Abstract 12466: Suppression of Inflammatory Activity in Vascular Endothelial Cells Reduces EndMT in Response to Oscillatory Shear Stress

Abstract

Background: The incidence of pro-atherogenic lesions is greater in the branching regions of artery compared to non-branching regions. Disturbed blood flow in the atheroprone regions exerts oscillatory shear stress (OSS) to the vascular wall, particularly endothelial cells (ECs), and OSS is a risk factor for the development of pro-atherogenic lesions. This study aims to assess the impact of OSS on phenotypic transition in artery ECs. Methods and Results: Immunofluorescence staining and image quantification revealed that inflammatory activity and endothelial-to-mesenchymal transition (EndMT) are greater in mouse aortic arch than in the descending thoracic aorta.
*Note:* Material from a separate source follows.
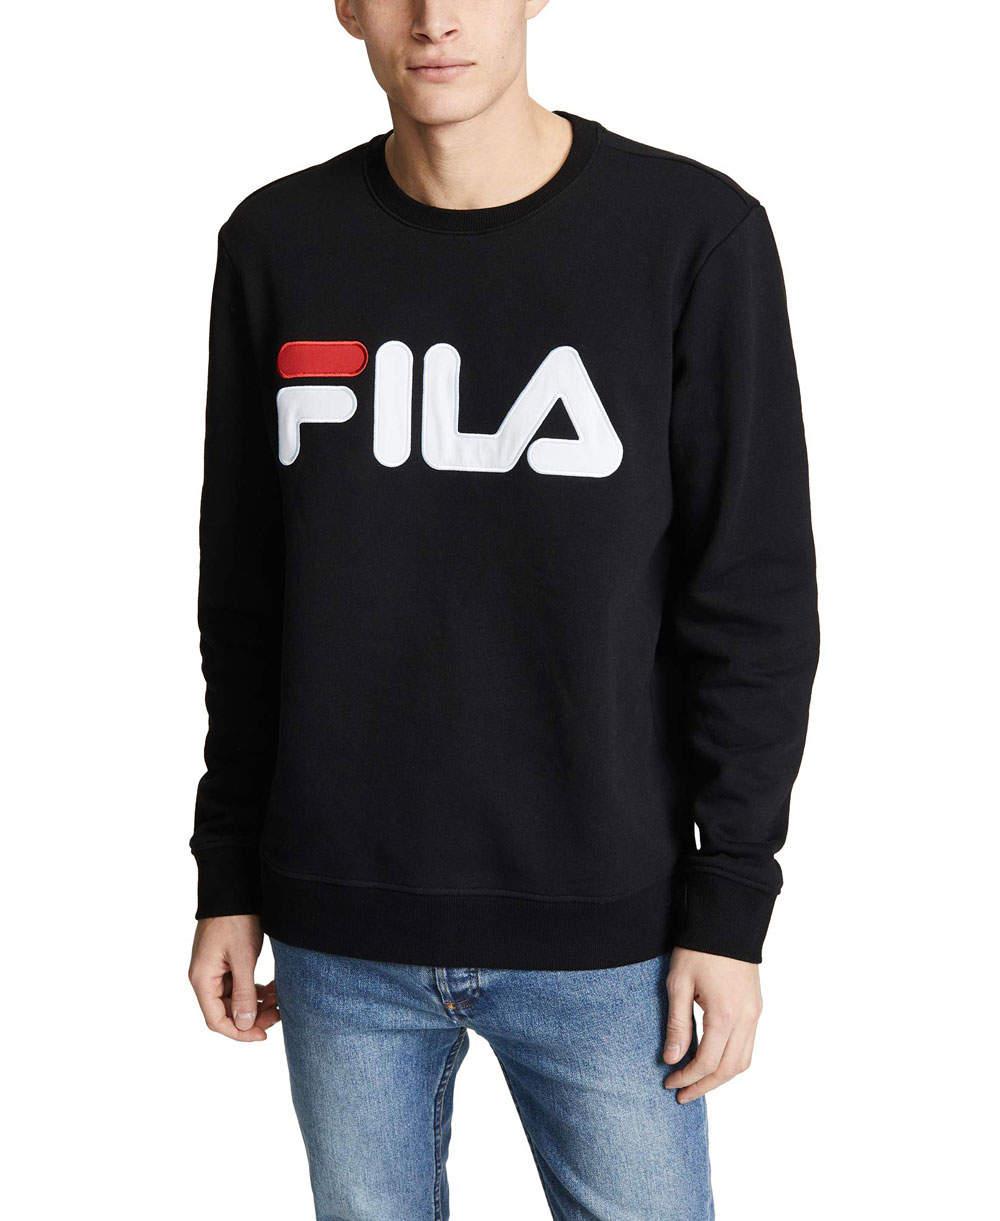 Regola Sweat-shirt Homme Black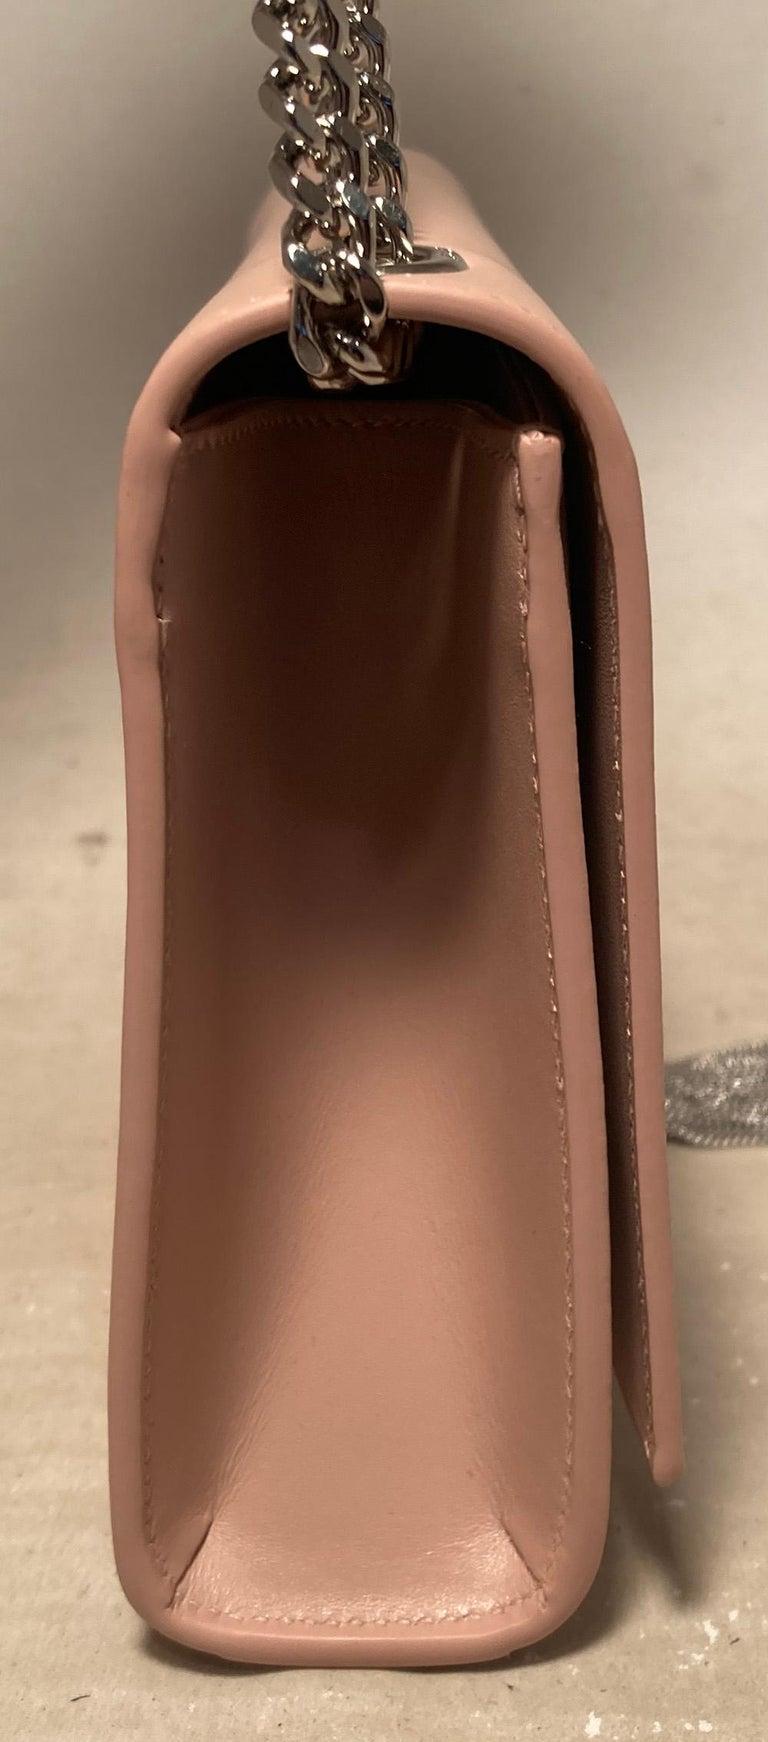 NWOT Saint Laurent Medium Kate Monogram Tassel Bag in Pale Pink. 9.25

Inflammatory biomarker ICAM-1 is colocalized with the EndMT biomarker, vimentin and α-smooth muscle actin, in ECs of the aorta arch. As cells in aortic arch sustain OSS, we tested the hypothesis that OSS induces EndMT in artery ECs by a pro-inflammatory mechanism, using a three-dimensional microengineered human artery-on-a-chip system. Human coronary artery ECs were cultured on the surface of a collagen I-coated membrane and subjected to OSS. Single-cell RNA sequencing analysis revealed that inflammatory and EndMT-related genes were enriched in ECs after being exposed to OSS for 24 h. OSS-induced inflammatory response and EndMT were confirmed by immunoblotting and immunofluorescence staining. These changes were abolished by inhibiting the p38 MAPK-NF-κB signaling pathway. Moreover, anti-inflammatory cytokine, IL-37, suppressed the inflammatory response and prevented EndMT in ECs exposed to OSS. Importantly, expression of IL-37 in mice markedly reduced the level of inflammatory biomarker and the density of cells displaying EndMT biomarkers in the endothelium of aortic arch. Conclusion: OSS induces EndMT in artery ECs through a pro-inflammatory mechanism involving the p38 MAPK-NF-κB signaling pathway and contributes to the pro-atherogenic microenvironment in regions sustaining disturbed blood flow. Anti-inflammatory cytokine IL-37 may have the therapeutic potential for suppressing endothelial phenotypic transition caused by disturbed blood flow.